▶ **Task directions**:
The reply should contain all the data below, repeated exactly, and none of the images.

▶ **Data extract**:
□ □ □ □ □

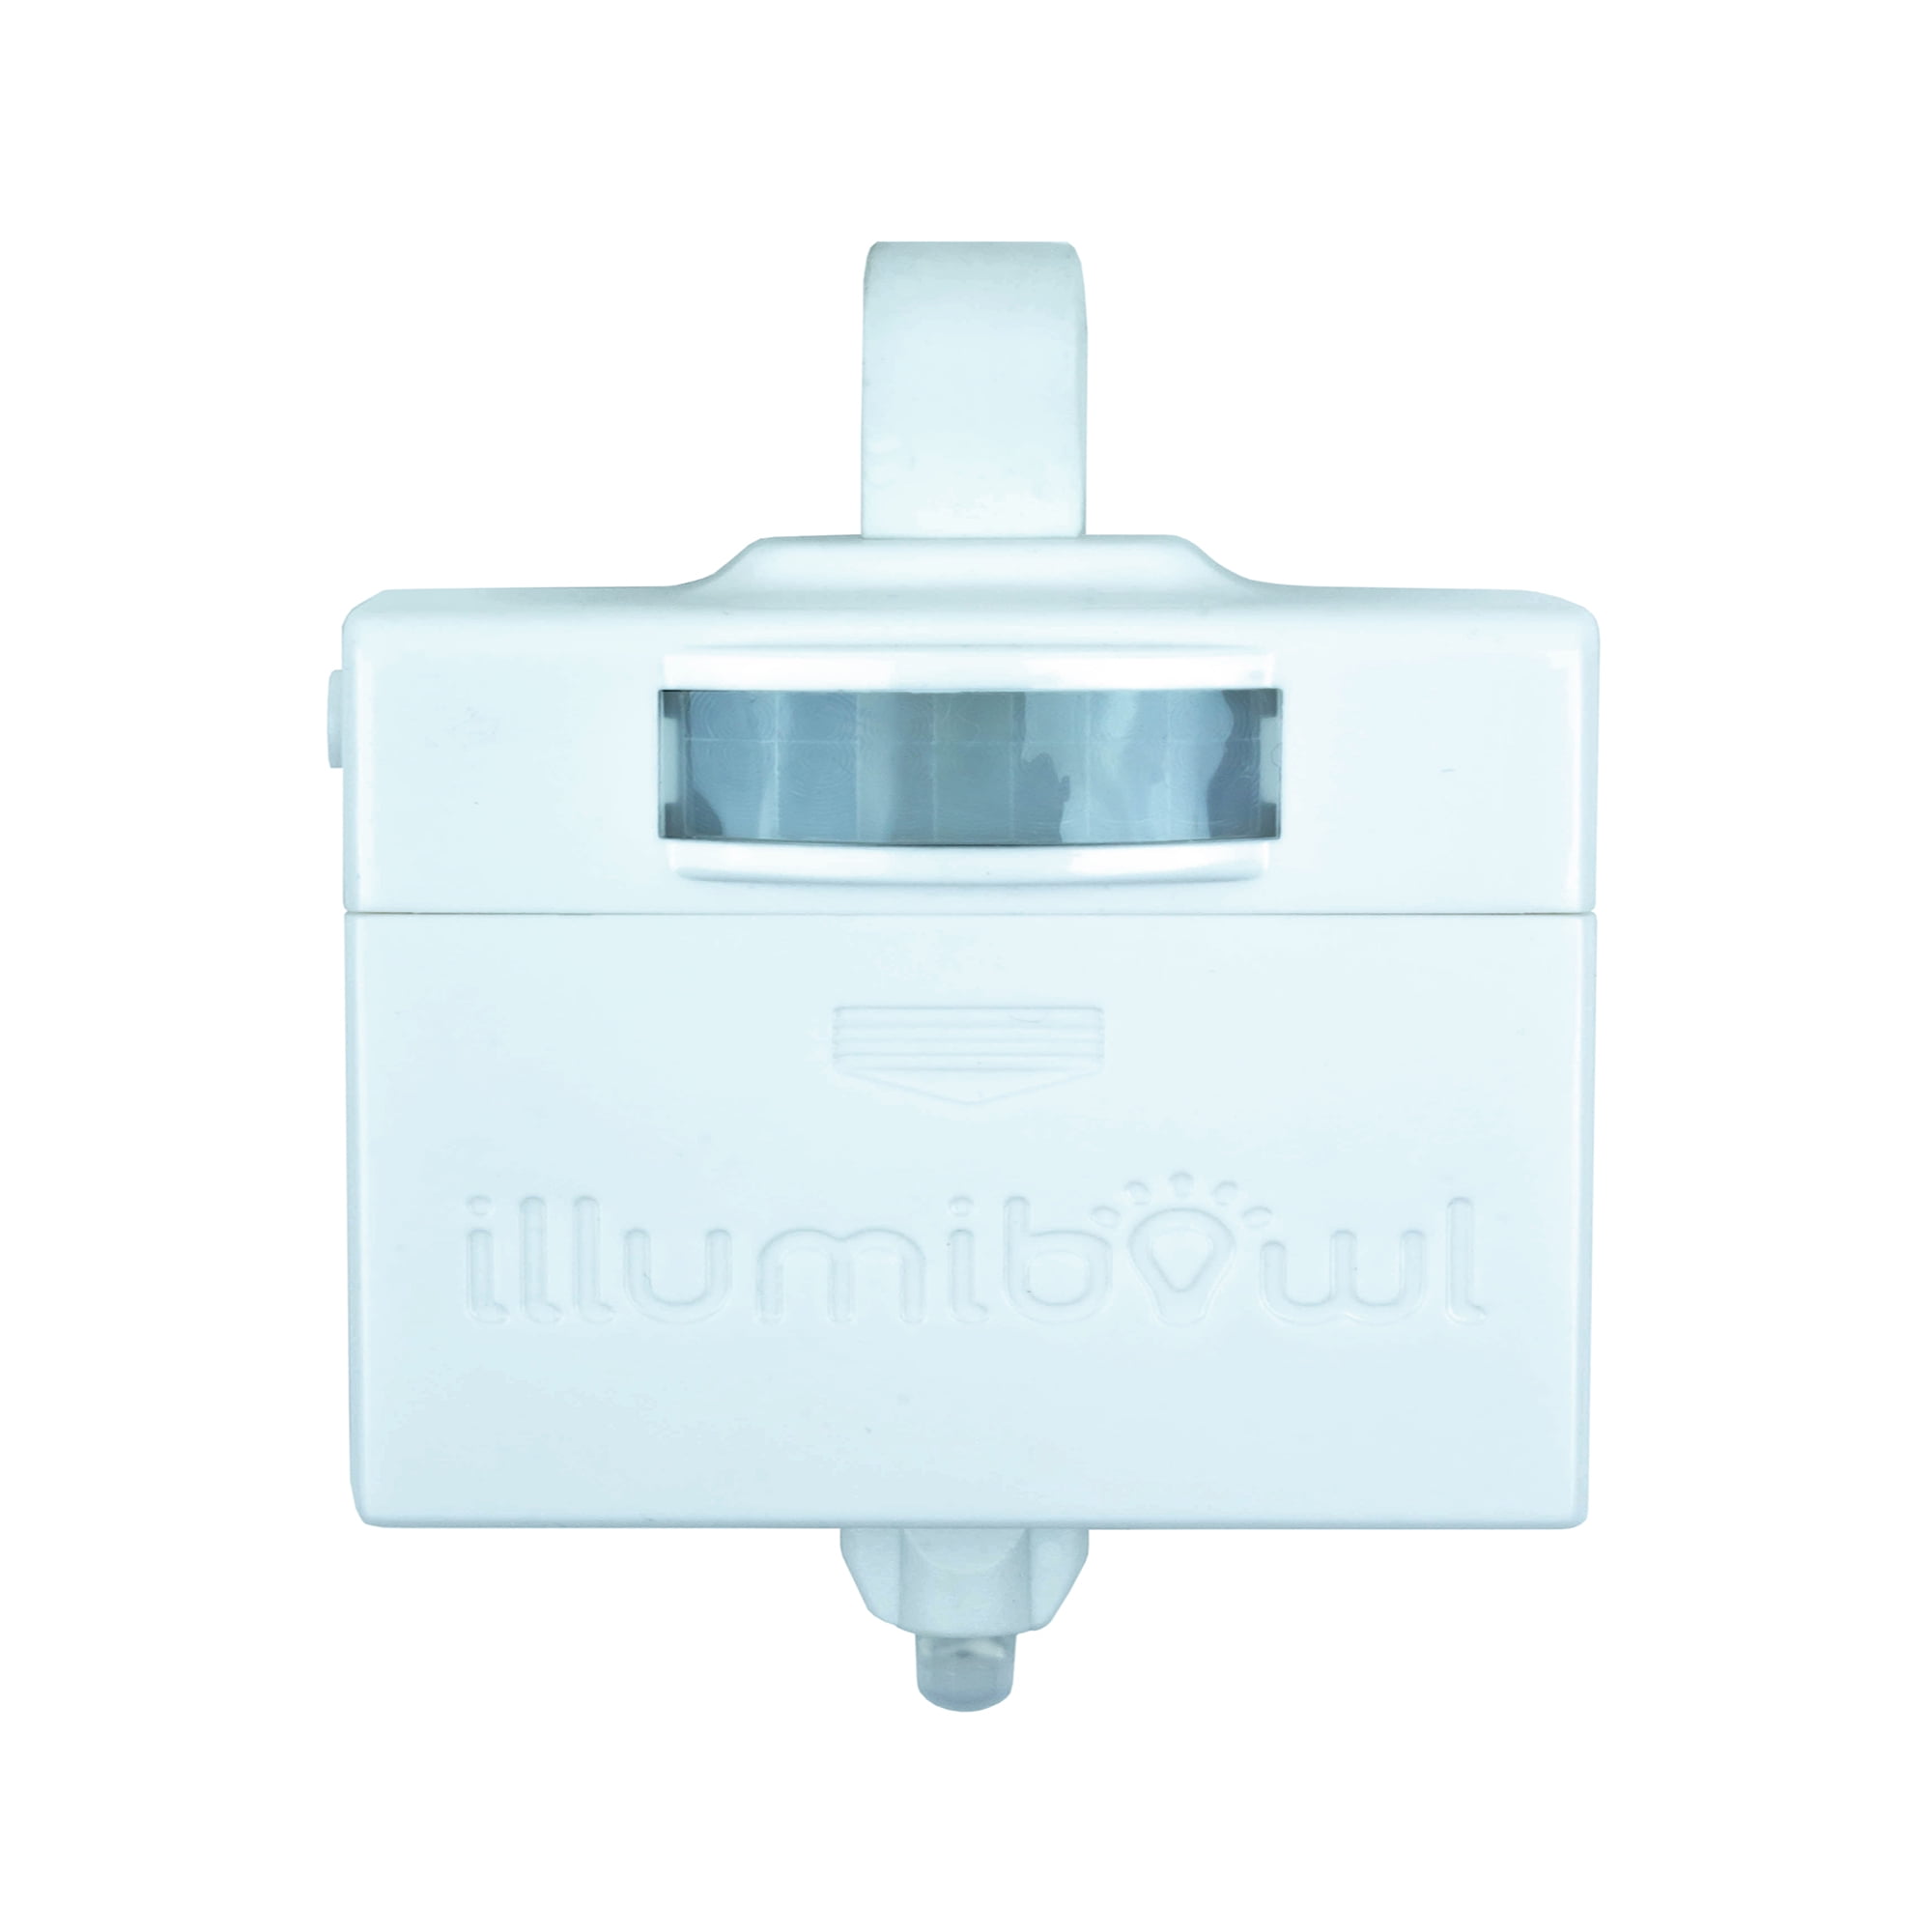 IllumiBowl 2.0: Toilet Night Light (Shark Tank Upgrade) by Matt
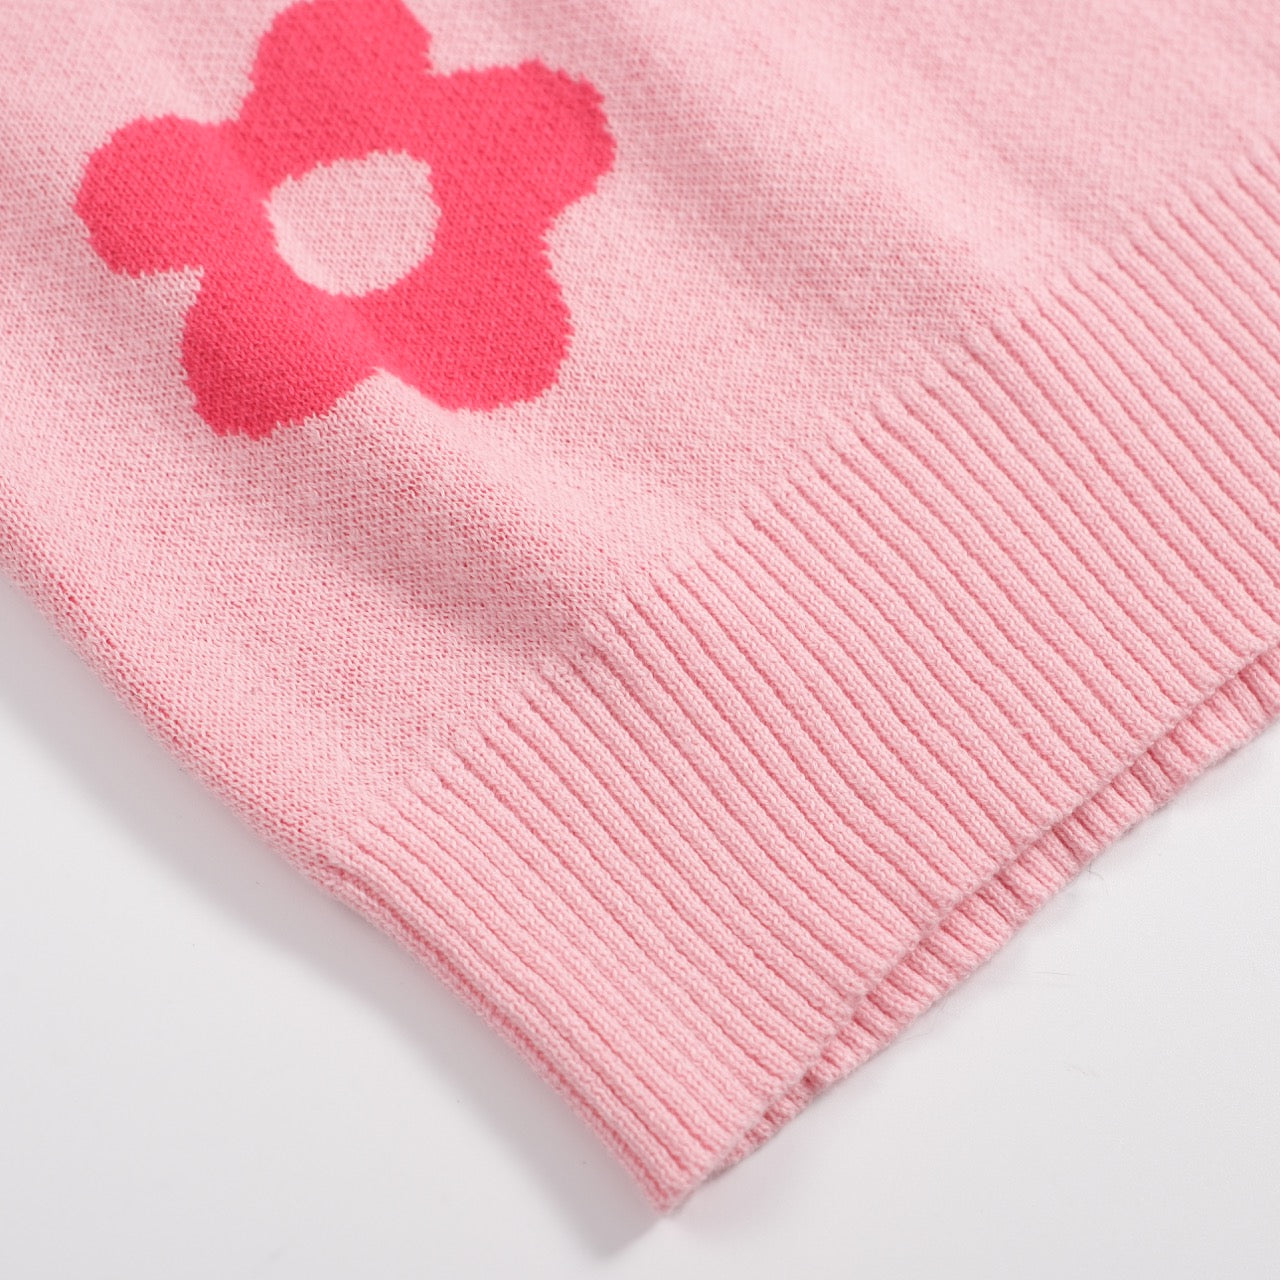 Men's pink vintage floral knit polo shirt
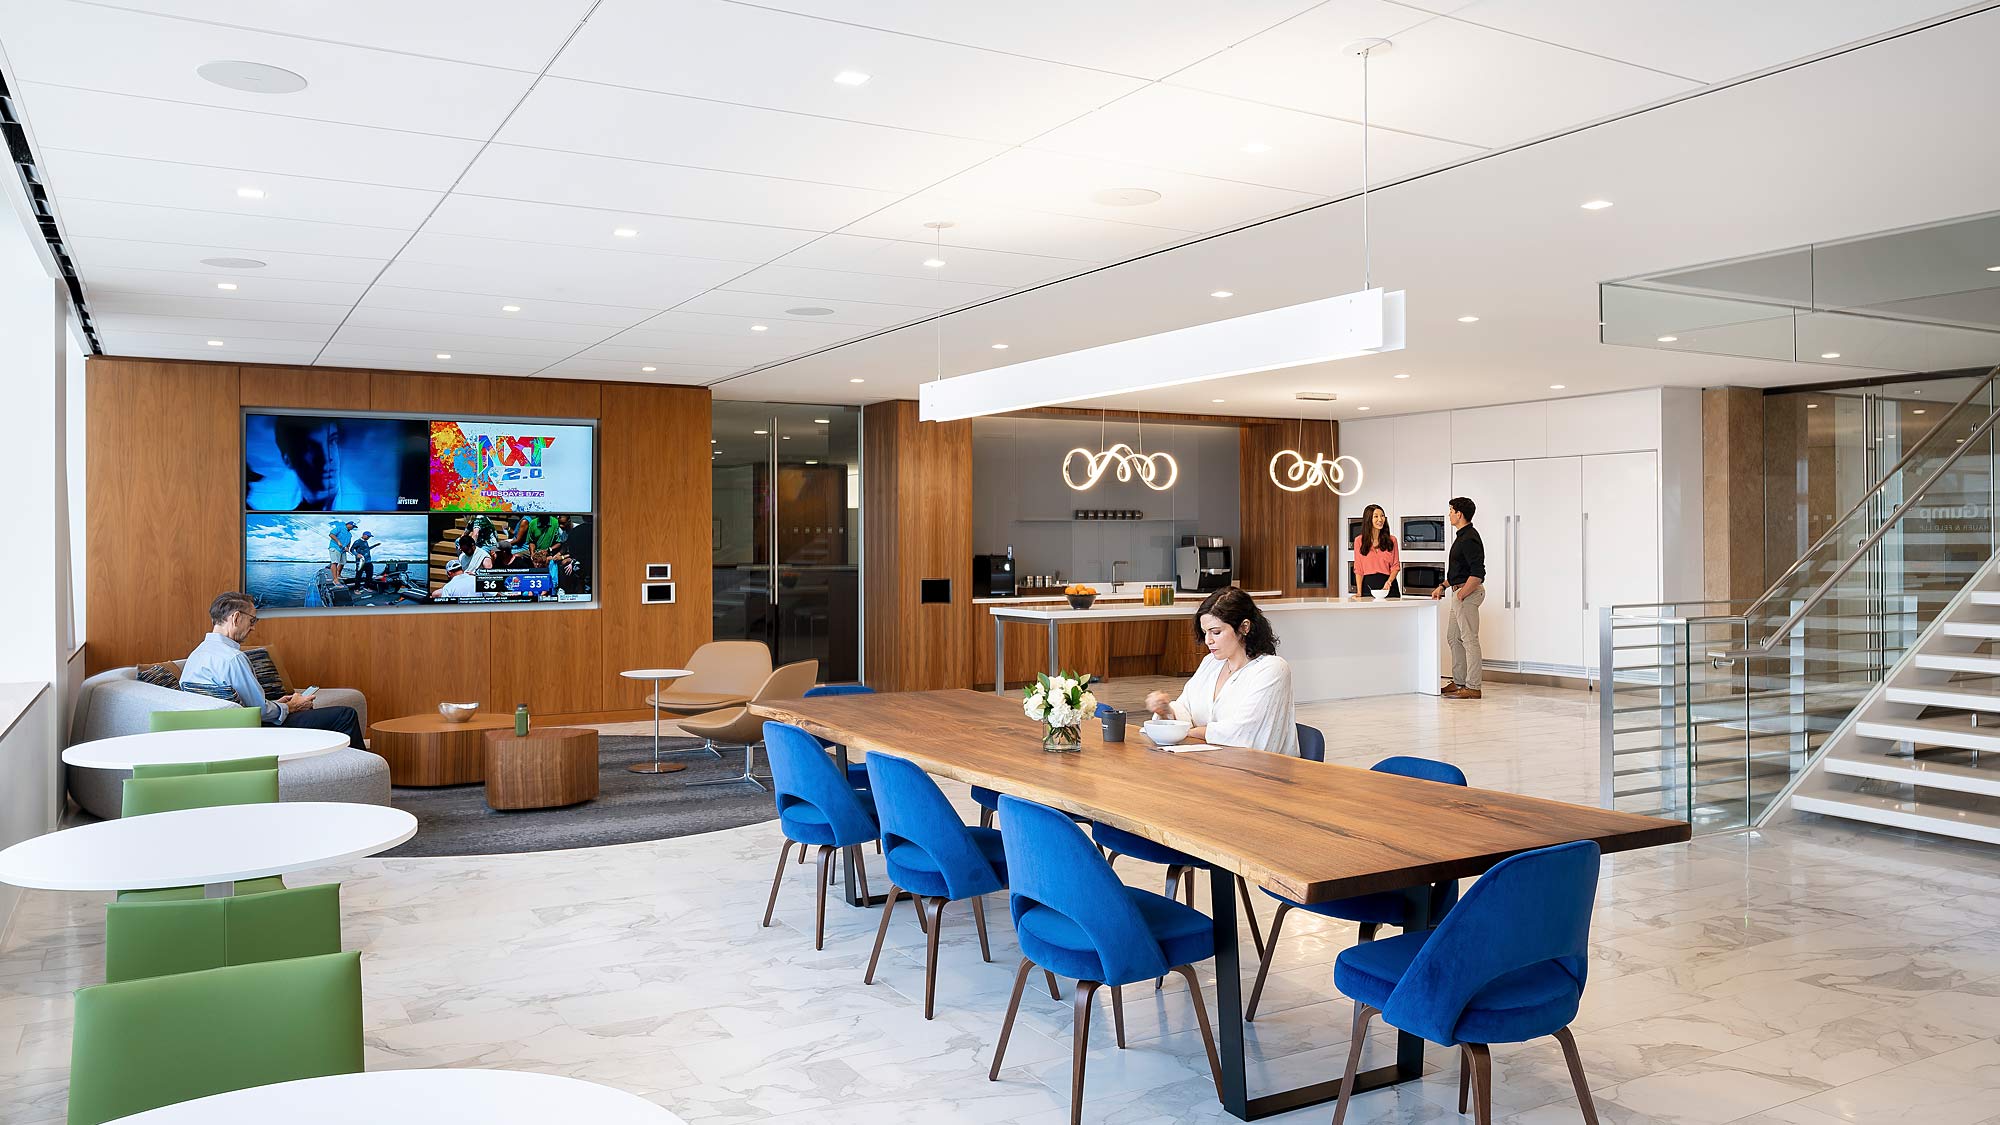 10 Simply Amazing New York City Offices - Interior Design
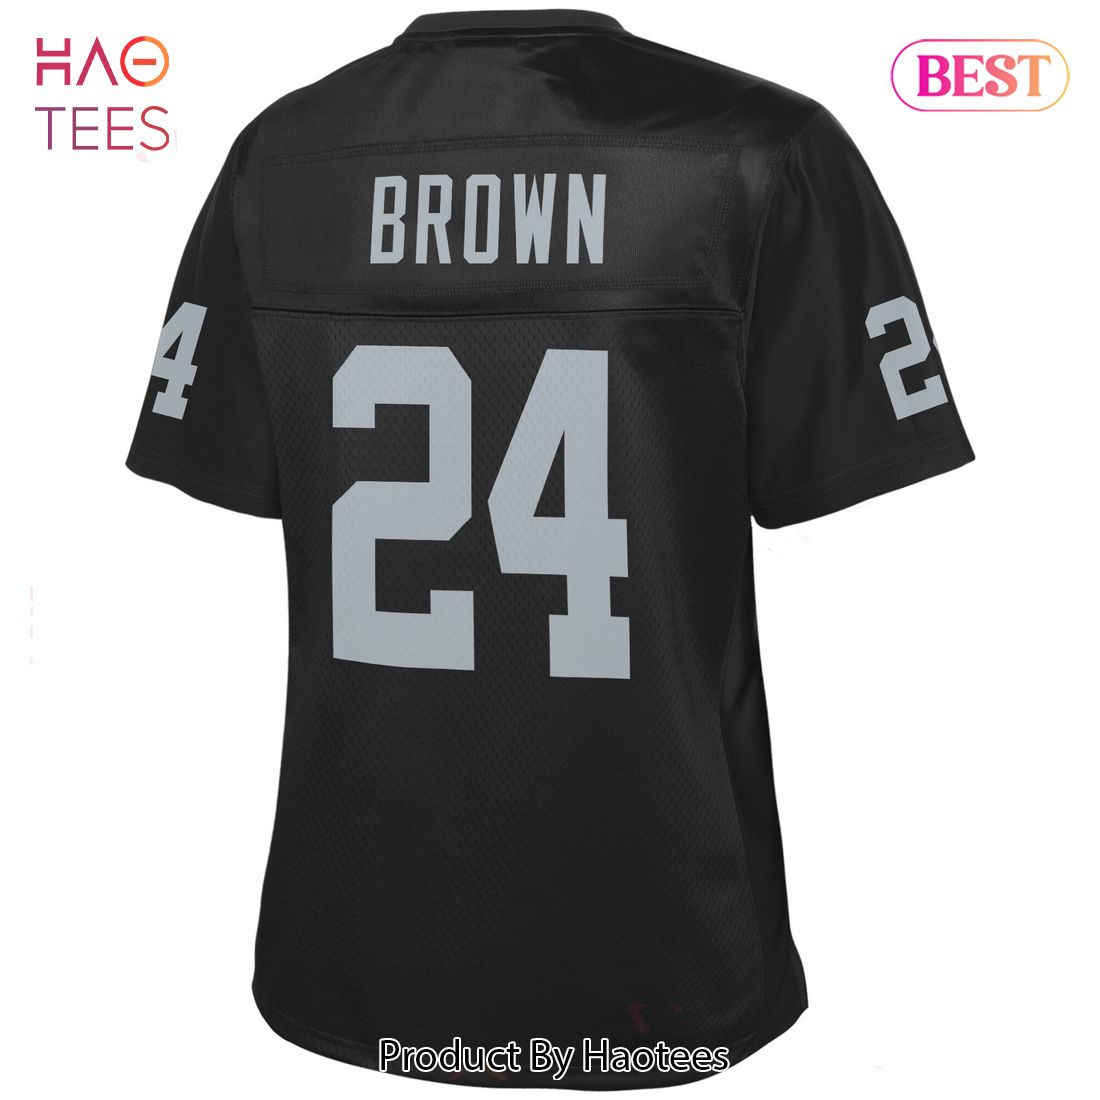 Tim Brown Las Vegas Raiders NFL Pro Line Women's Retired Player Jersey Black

□ □ □ □ □

▶ **Task response**:
 IllumiBowl 2.0: Toilet Night Light (Shark Tank Upgrade) by Matt
 Men's pink vintage floral knit polo shirt
 10 Simply Amazing New York City Offices - Interior Design
 Tim Brown Las Vegas Raiders NFL Pro Line Women's Retired Player Jersey Black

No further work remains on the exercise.